Initially, the answer started with transfers. On Miami's breakthrough Sweet 16 season of 2012–13, three of the starters came from other programs—forward Kenny Kadji (Florida), point guard Shane Larkin (DePaul) and wing Trey McKinney-Jones (UMKC). This season, the Hurricanes followed a similar blueprint and have three more starters on the bounce from other programs—senior point guard Angel Rodriguez (Kansas State), senior wing Sheldon McClellan (Texas) and junior power forward Kamari Murphy (Oklahoma State). With the transfer market as competitive as ever, why have players chosen Larrañaga? Rodriguez tells the story of his official visit. His mother, who hails from Puerto Rico and speaks limited English, joined him. As Larrañaga toured them around campus on a golf cart, he brought a translator in order to communicate with Rodriguez's mom, Jacqueline Tricoche.
"That was very special for my mom," Rodriguez said. "That to me meant a lot." Rodriguez, who played high school basketball in Miami, added: "[Larrañaga] was the only reason why I came to Miami."
Rodriguez (11.7 ppg) teams with leading scorer McClellan (15.8 ppg) to give the Hurricanes one of the most potent offensive backcourts in the country. Both are 23 years old, making them among the nation's oldest as well. McClellan's story is similar to Rodriguez's, as he came to Miami for a fresh start and a new voice. "Obviously Coach L, he's just a guy that gives me a lot of confidence," McClellan said. "He believes I'm the best player in the ACC. Things like that really mean a lot to me."
Despite his age, Larrañaga is always looking to connect with his players. He has few hobbies other than going to the movies, but recently relayed the story of seeing Straight Outta Compton this summer and spending the next few days calling recruits to talk about the movie. "Do you know the kind of passion that those guys had to overcome the adversity they faced?" he asked them. "Do you have that kind of passion for basketball?"
Larrañaga's wife, Liz, points to his willingness to learn how to dance, busting out the Whip and Nae Nae earlier this year after a victory over Florida.

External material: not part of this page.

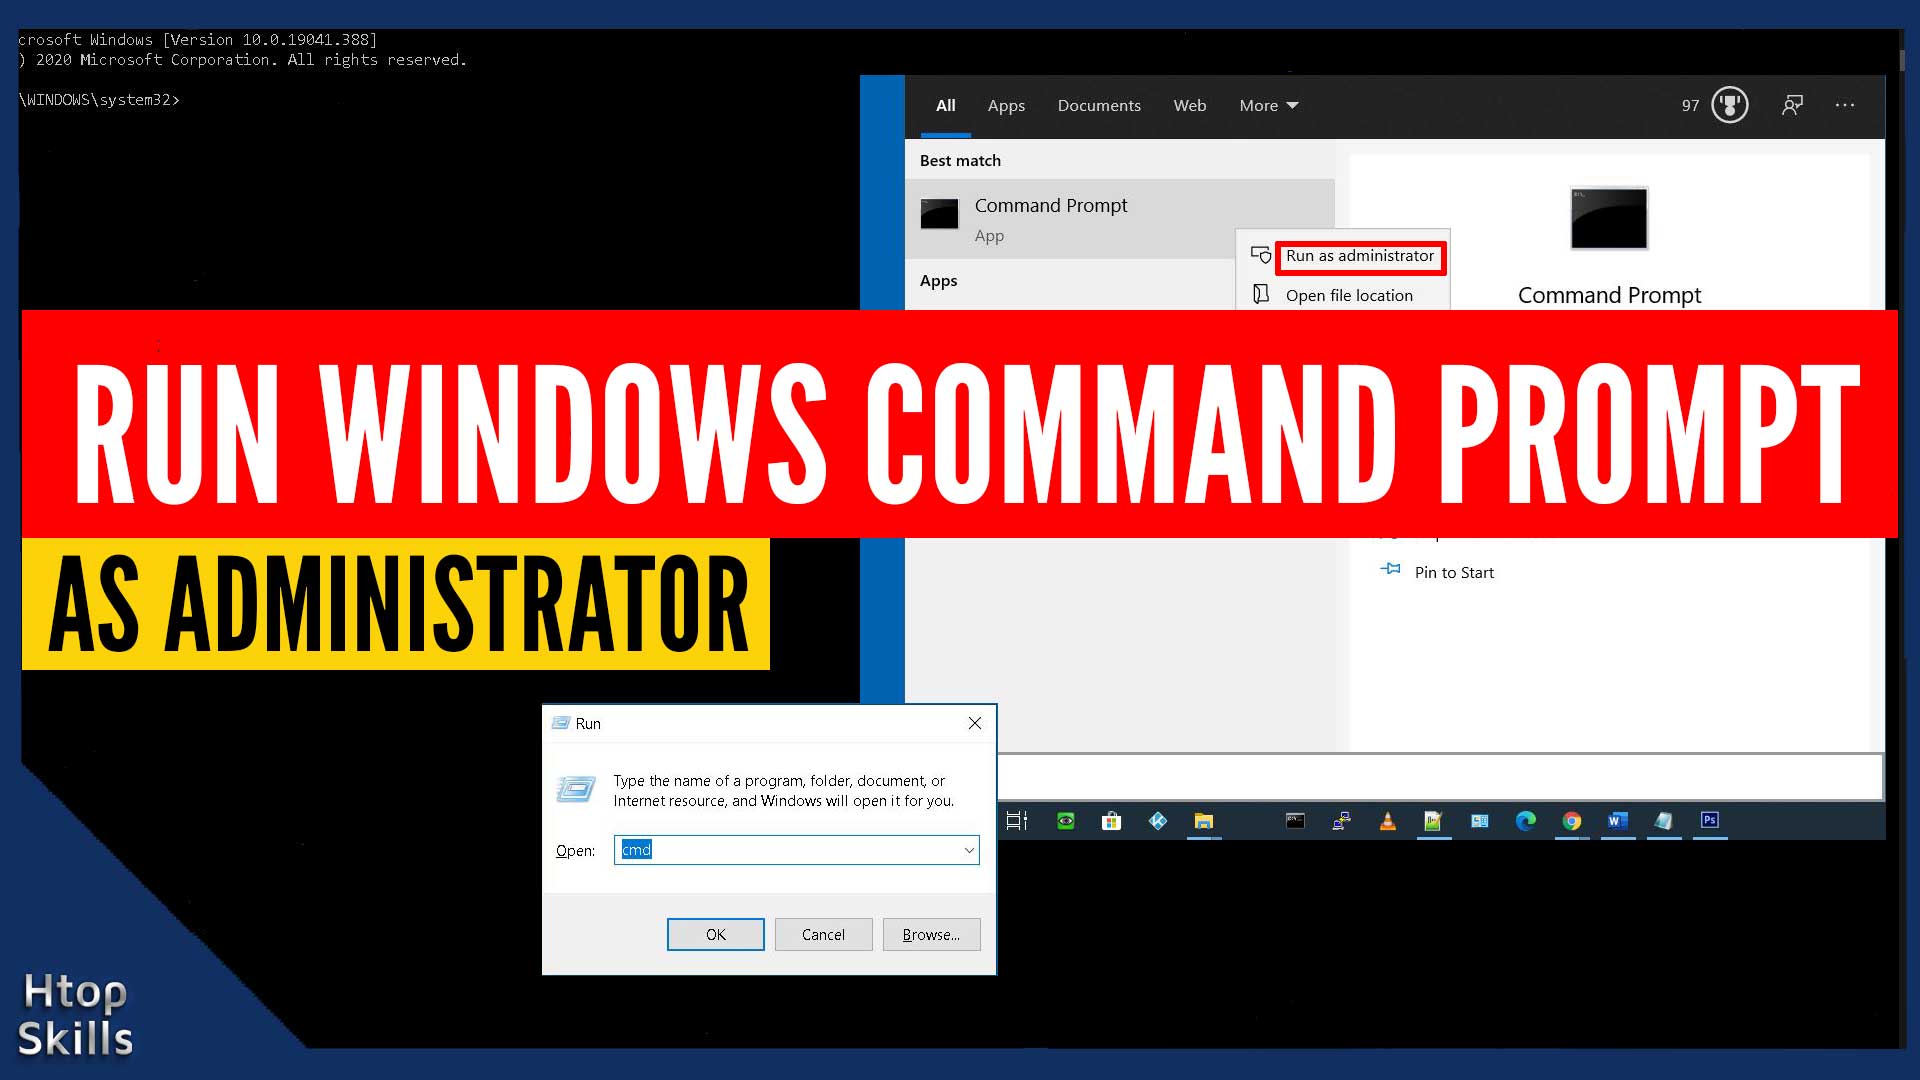 Windows command prompt as administrator, Windows run window and Windows search with command propmt as administrator

During the 2013 tournament, his air boxing went viral. "Who really wants to do that?" she asks. "But I think he just loves the kids, loves being around them. It invigorates him."
And he has clearly invigorated Miami, pushing the program to the point where a Final Four run this year would be viewed more as the culmination of five years of hard work than a charmed run through March. And here may be the most surprising part of his run: Miami has lured a top-10 recruiting class to campus next year, including 6'9" McDonald's All-American Dewan Huell. Larrañaga has built the Hurricanes to a point where they can compete with Duke and UNC on the recruiting trail.
That's a program overhaul nearly as impressive as Mason's charge to college basketball's elite. And in the next few weeks, Larrañaga's work at Miami has a chance to match that magical March a decade ago.